GOAL OF THE EXERCISE:
Below this line are records; write out exactly the lines from the one containing "20200218_20-02-В Екатеринбурге стартовал" through the one containing "Cần bán Mitsubishi", with the pictures left out.

ENTRIES SUPPLIED:
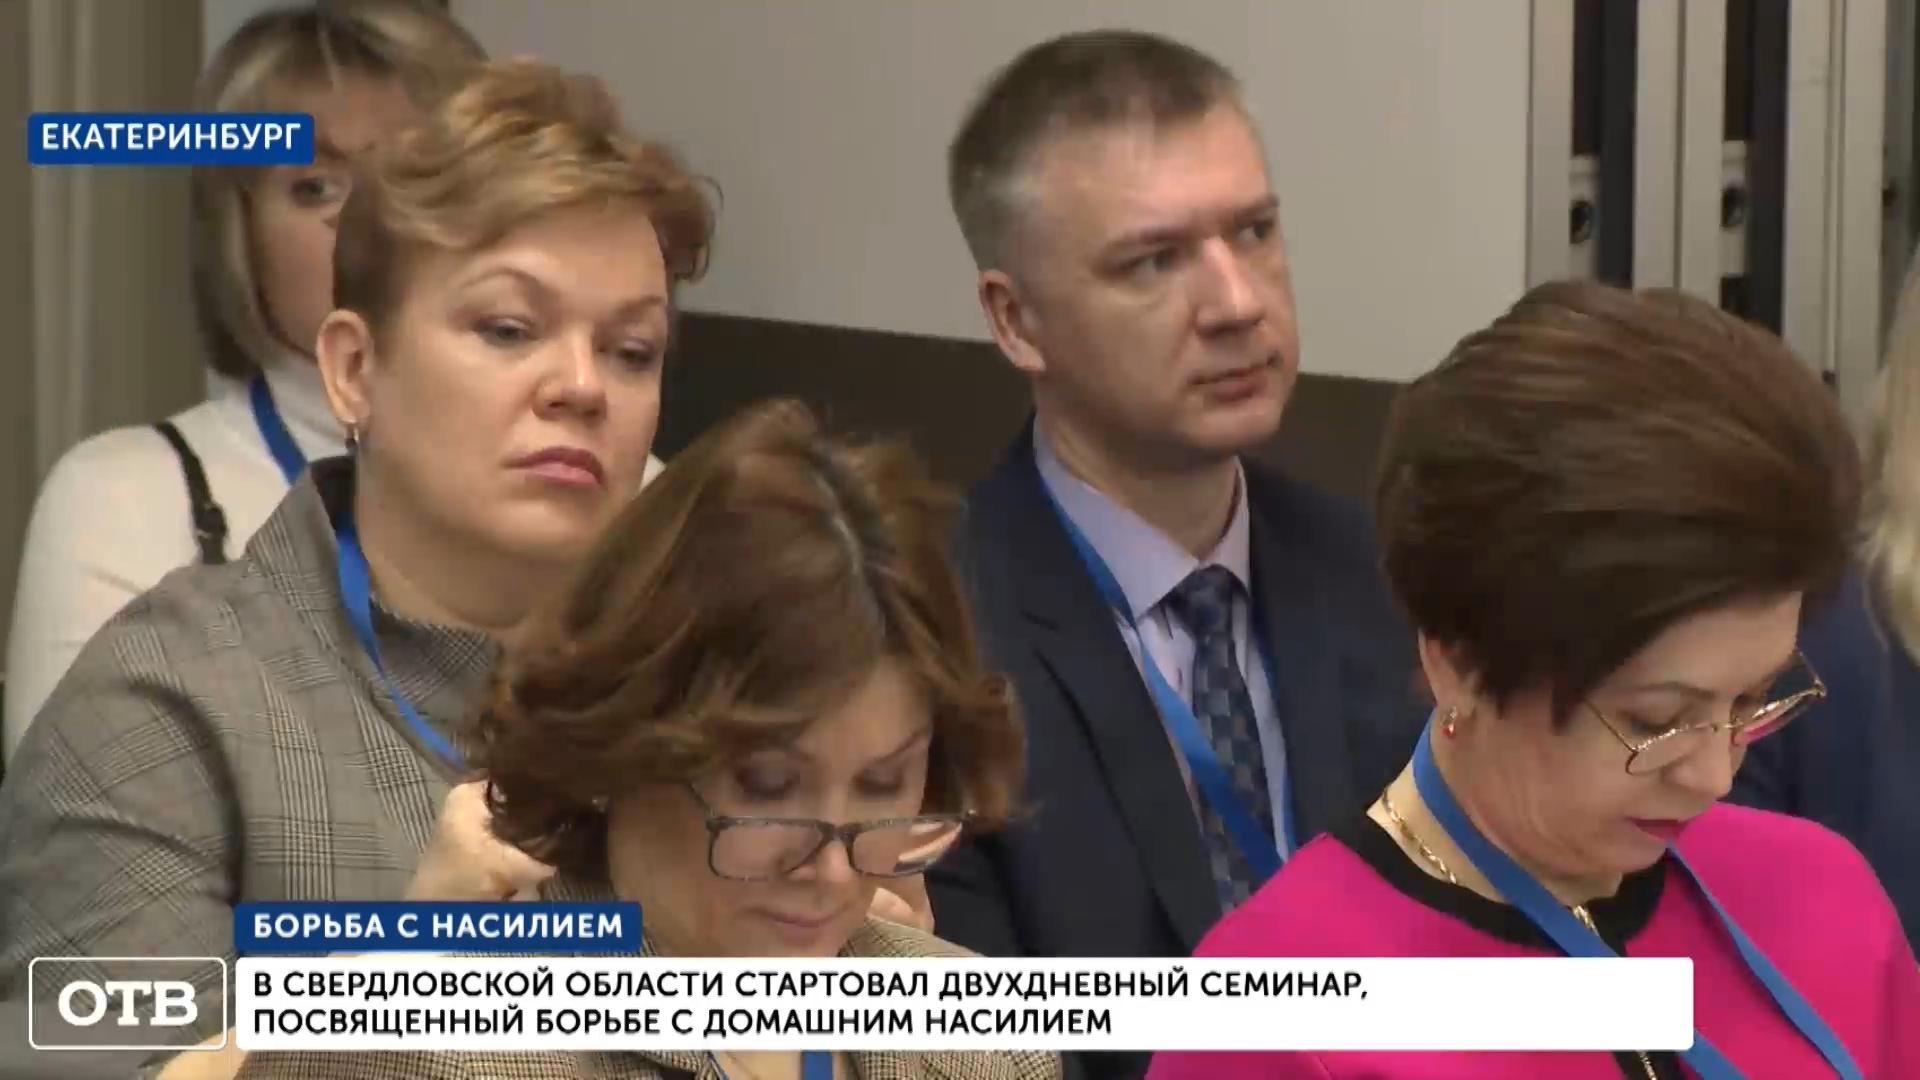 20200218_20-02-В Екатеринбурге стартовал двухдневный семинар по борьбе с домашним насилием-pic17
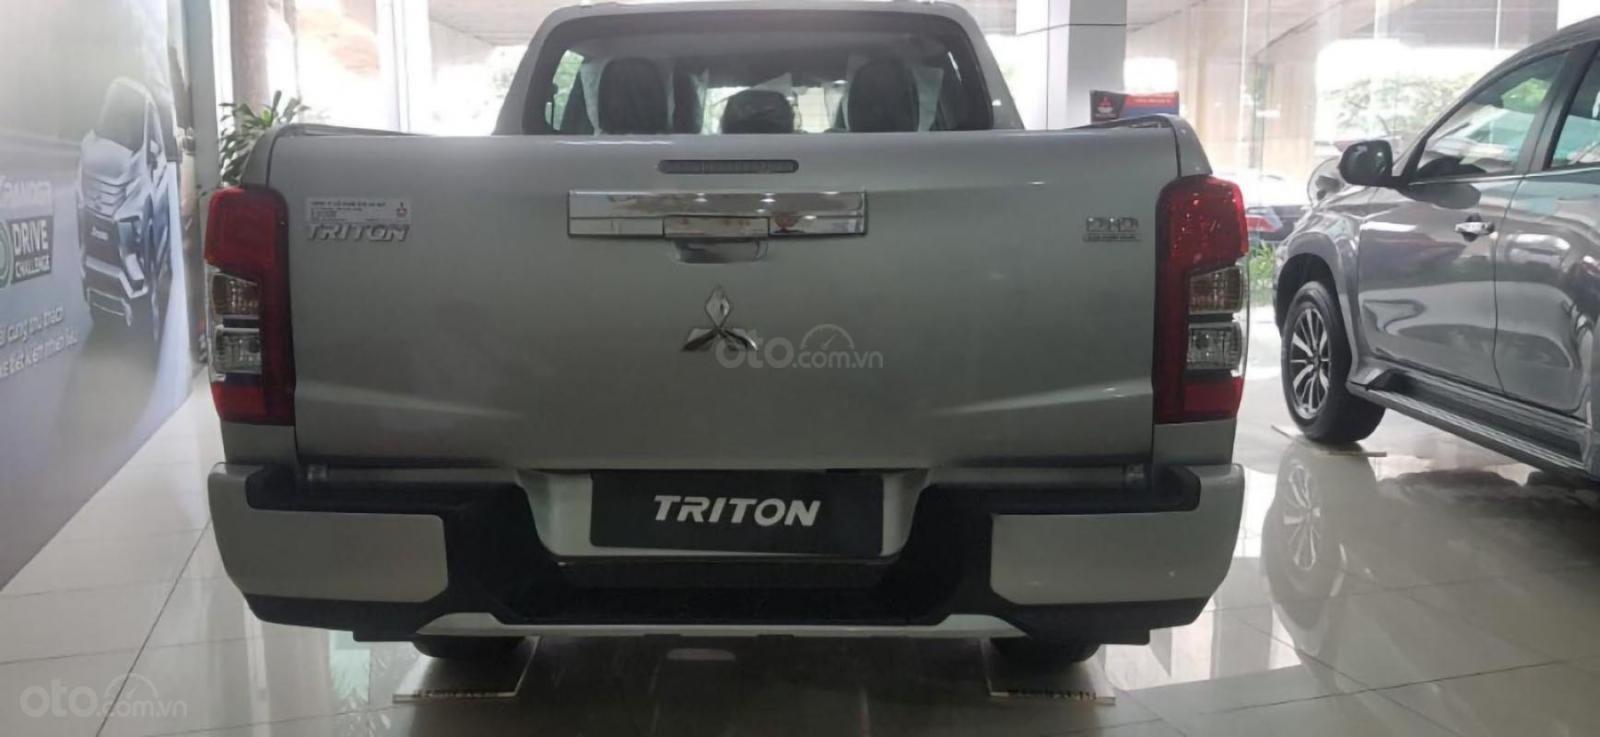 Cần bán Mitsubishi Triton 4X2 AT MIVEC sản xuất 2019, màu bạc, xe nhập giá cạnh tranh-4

--

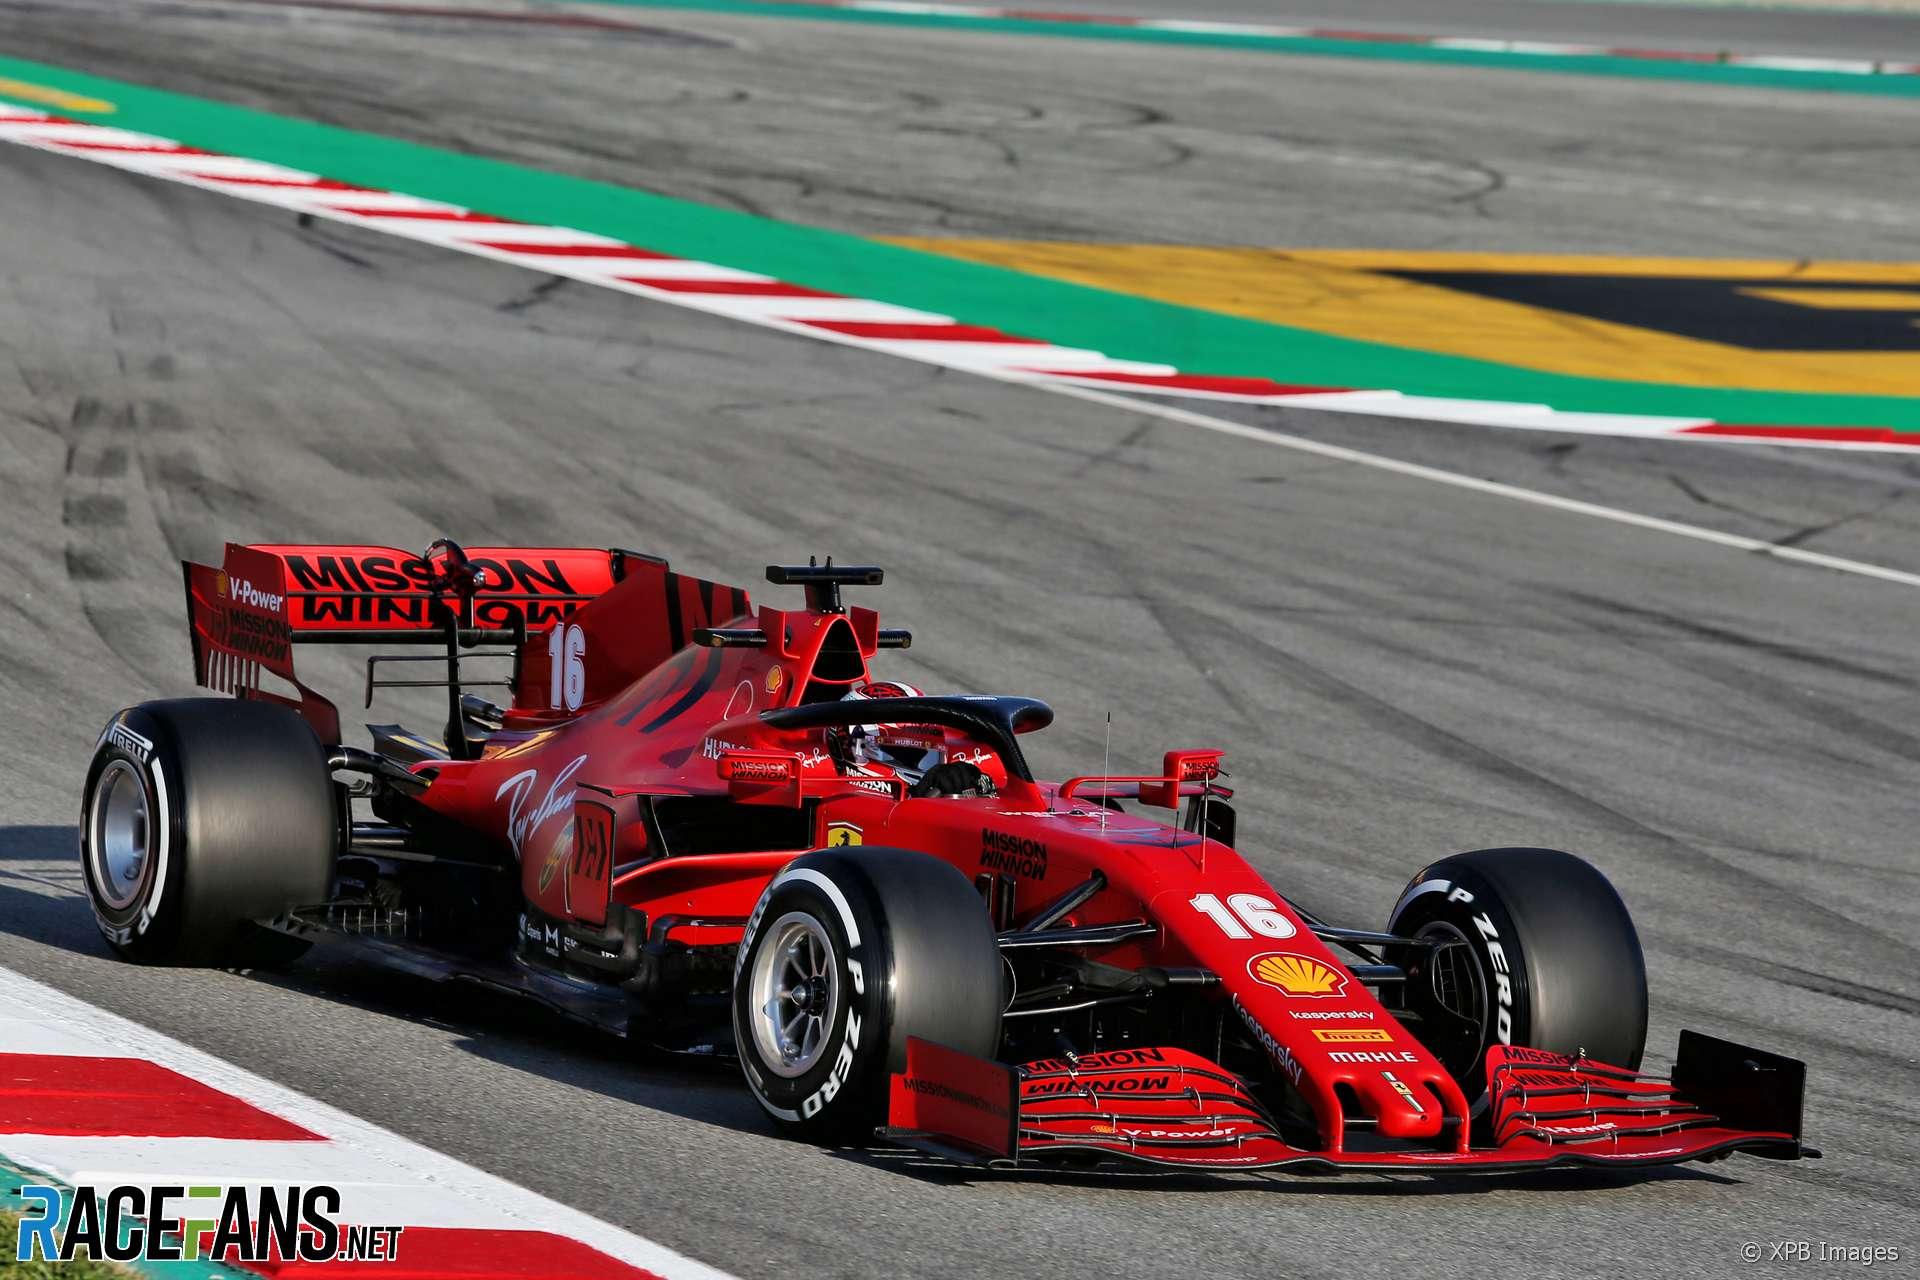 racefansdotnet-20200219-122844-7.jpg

RESULT FOR THIS EXERCISE:
 20200218_20-02-В Екатеринбурге стартовал двухдневный семинар по борьбе с домашним насилием-pic17
 Cần bán Mitsubishi Triton 4X2 AT MIVEC sản xuất 2019, màu bạc, xe nhập giá cạnh tranh-4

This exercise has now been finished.